Functional tuning of Vascular L-type Ca2+ channels

Abstract

Vascular smooth muscle contraction is intimately tied to membrane potential and the rise in intracellular Ca²⁺ enabled by the opening of L-type Ca²⁺ channels. While voltage is often viewed as the single critical factor gating these channels, research is starting to reveal a more intricate scenario whereby their function is markedly tuned. This emerging concept will be the focus of this three-part review, the first part articulating the mechanistic foundation of contractile development in vascular smooth muscle.

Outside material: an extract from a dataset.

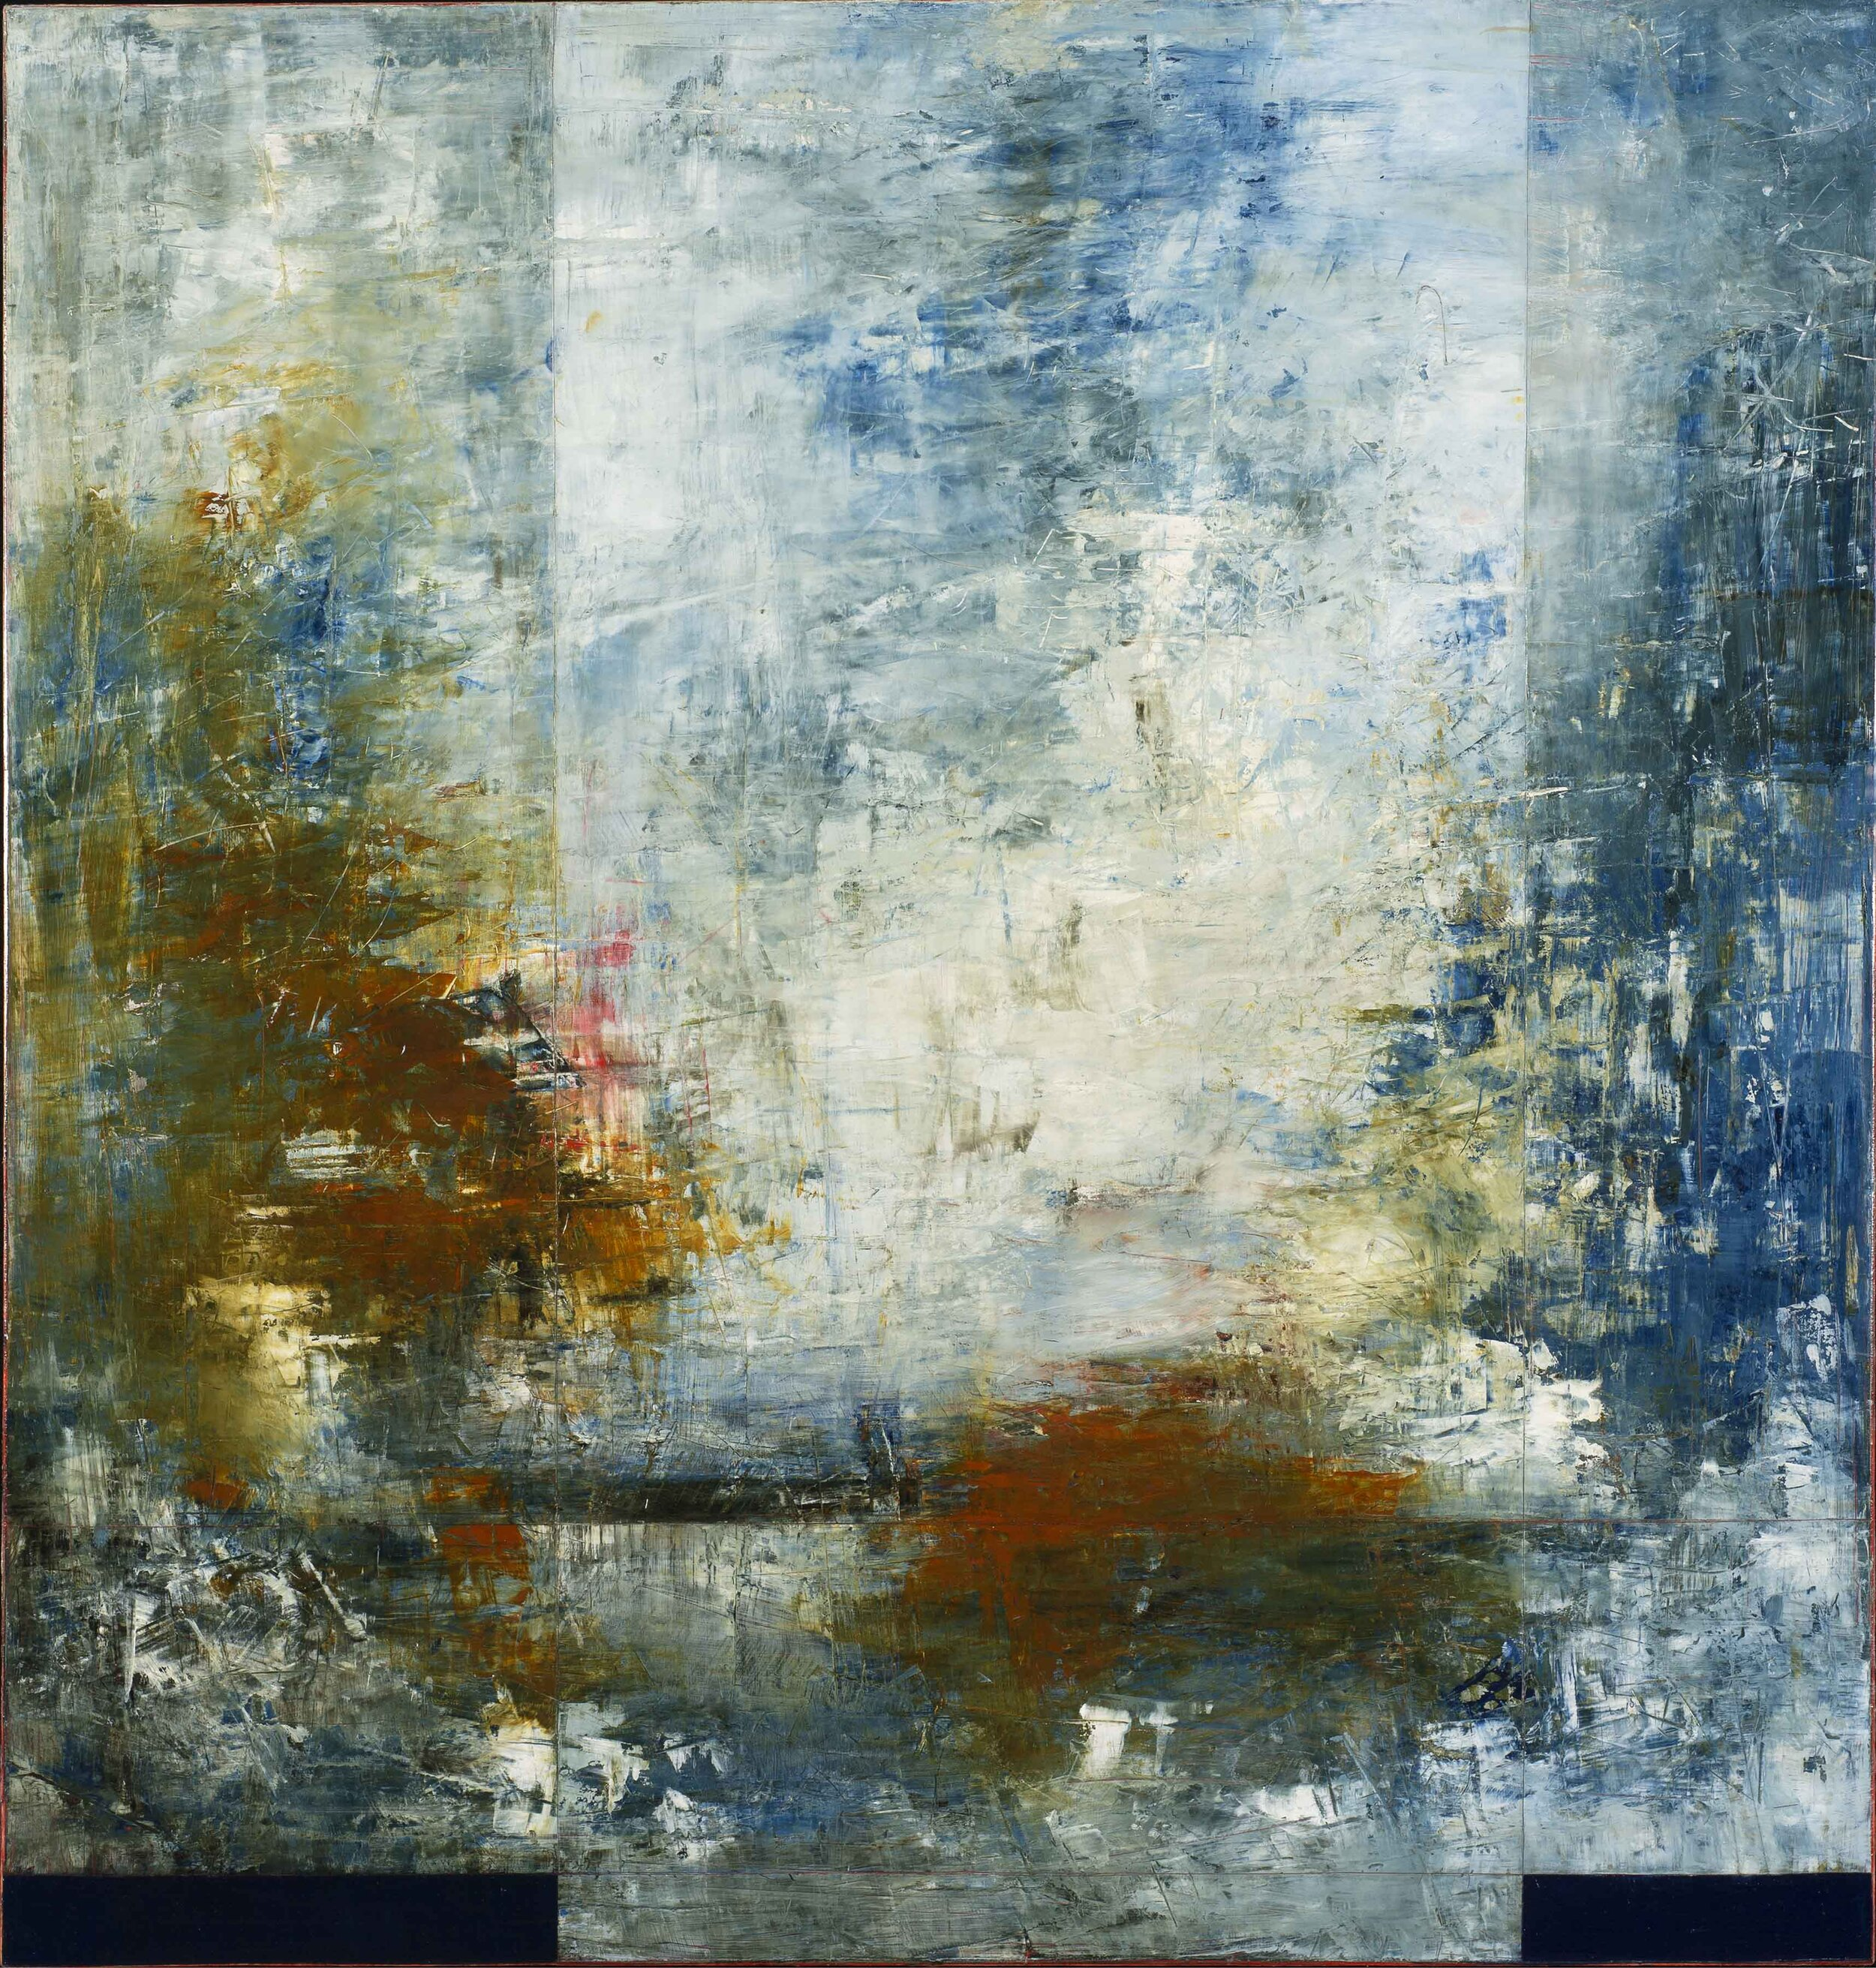 Los Arcos, No. 3, oil on panel, 42x40.jpg

Part two will extend this foundational knowledge, introducing readers to functional coupling and how neighboring L-type Ca²⁺ channels work cooperatively through signaling protein complexes, to facilitate their open probability. The final aspect of this review will discuss the impact of L-type Ca²⁺ channel trafficking, a process tied to cytoskeleton dynamics. Cumulatively, this brief manuscript provides new insight into how voltage, along with channel cooperativity and number, work in concert to tune Ca²⁺ responses and smooth muscle contraction.

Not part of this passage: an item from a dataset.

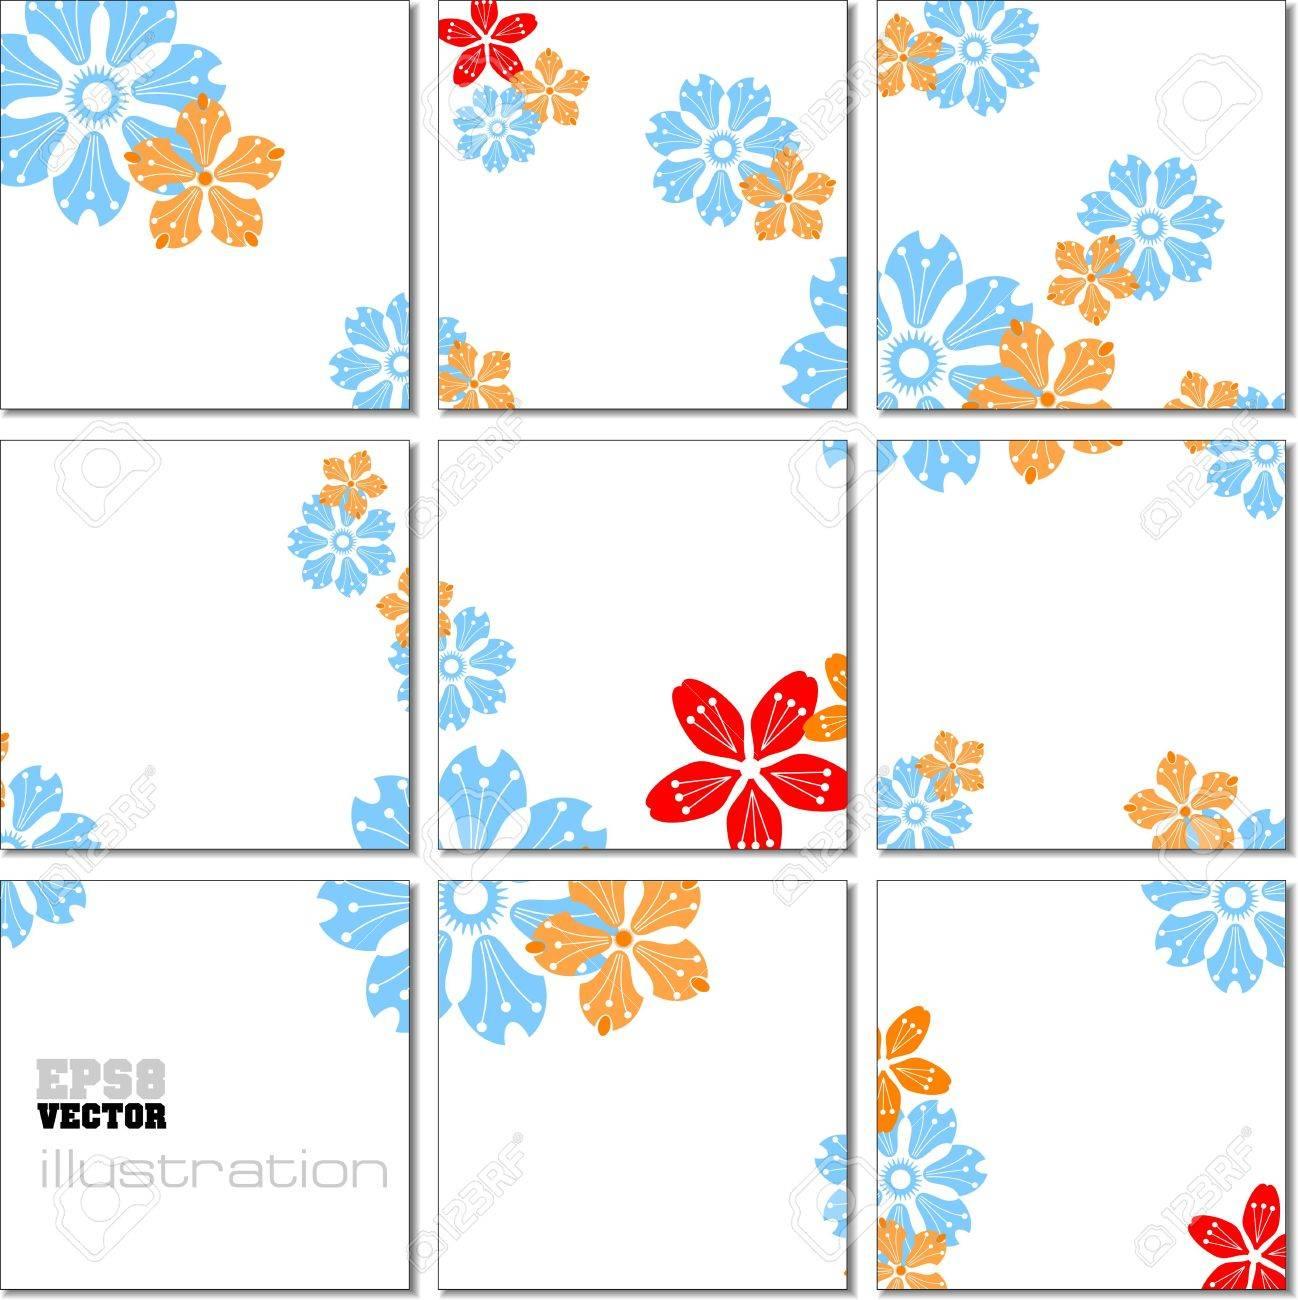 Illustration geometrical mosaic pattern in blue tones Stock Vector - 10556816

Keywords: Ca2+ sensitization; L-type Ca2+ channels; channel trafficking; cooperative gating; functional coupling; vascular smooth muscle.

FIGURE 1

Mechanisms of cross-bridge cycling and MLC20 phosphorylation in vascular smooth muscle. Mechanosensor/receptor activation induces depolarization by activating transient receptor potential channels and inhibiting hyperpolarizing K+ currents. Depolarization opens L-type Ca2+ channels, with the resulting influx of Ca2+ enhancing MLCK and cross-bridge cycling through binding to CaM. Conversely, G-protein coupled receptors further enhance contraction by inhibiting MLCP (aka-Ca2+ sensitization) through two regulatory pathways. The first entails PKC activation by PLC-β and DAG, a series/threonine kinase that phosphorylates: 1) CPI-17 to inhibit PP1c; or 2) target proteins that set actin stabilization/polymerization. The second involves G12-13 activation of RhoA and Rho-kinase, the latter of which controls the phosphorylation state of: 1) MYPT1 (Threonine–696 and Threonine–853 (mouse numberings)); or 2) target proteins that set actin polymerization. Note, Ca2+ release from the sarcoplasmic reticulum, resulting from receptor-induced IP3 production, can also contribute to MLCK activation. Abbreviations: MLCK, Myosin light chain kinase; MLCP, Myosin light chain phosphatase, PLC, Phospholipase C; DAG, Diacylglycerol; CPI-17, Cytosolic phosphatase inhibitory protein of 17-kDa; IP3, Inositol trisphosphate; MYPT1, Myosin light chain phosphatase targeting subunit 1; MLC, Myosin regulatory light chain; CaM, Calmodulin; PKC, Protein Kinase C; PP1c, Type 1 protein phosphatase 1c.

FIGURE 2

Cooperative gating and trafficking of L-type Ca²⁺ channels. (A) L-type Ca²⁺ channels can work as independent channels or in a cooperative gating manner due to proximate localization and the formation of connections at the Ca_V1.2 C-terminus. Cooperatively gated channels exhibit functional coupling properties, such as synchronous opening, higher Po, and more persistent current compared to individually gated channels. AKAP5 (mouse numbering), PKC, and PKA play a critical role in the promotion of functional coupling properties. (B) Depolarization enhances the trafficking of L-type Ca²⁺ channel subunits to the plasma membrane. This key biological process entails the movement of vesicles from the Golgi apparatus to caveolae strategically positioned on the plasma membrane. Abbreviations: AKAP5, A-kinase anchoring protein -5; PKA, Protein kinase A; PKC, Protein kinase C; MLCK, Myosin light chain kinase; MLCP, Myosin light chain phosphatase.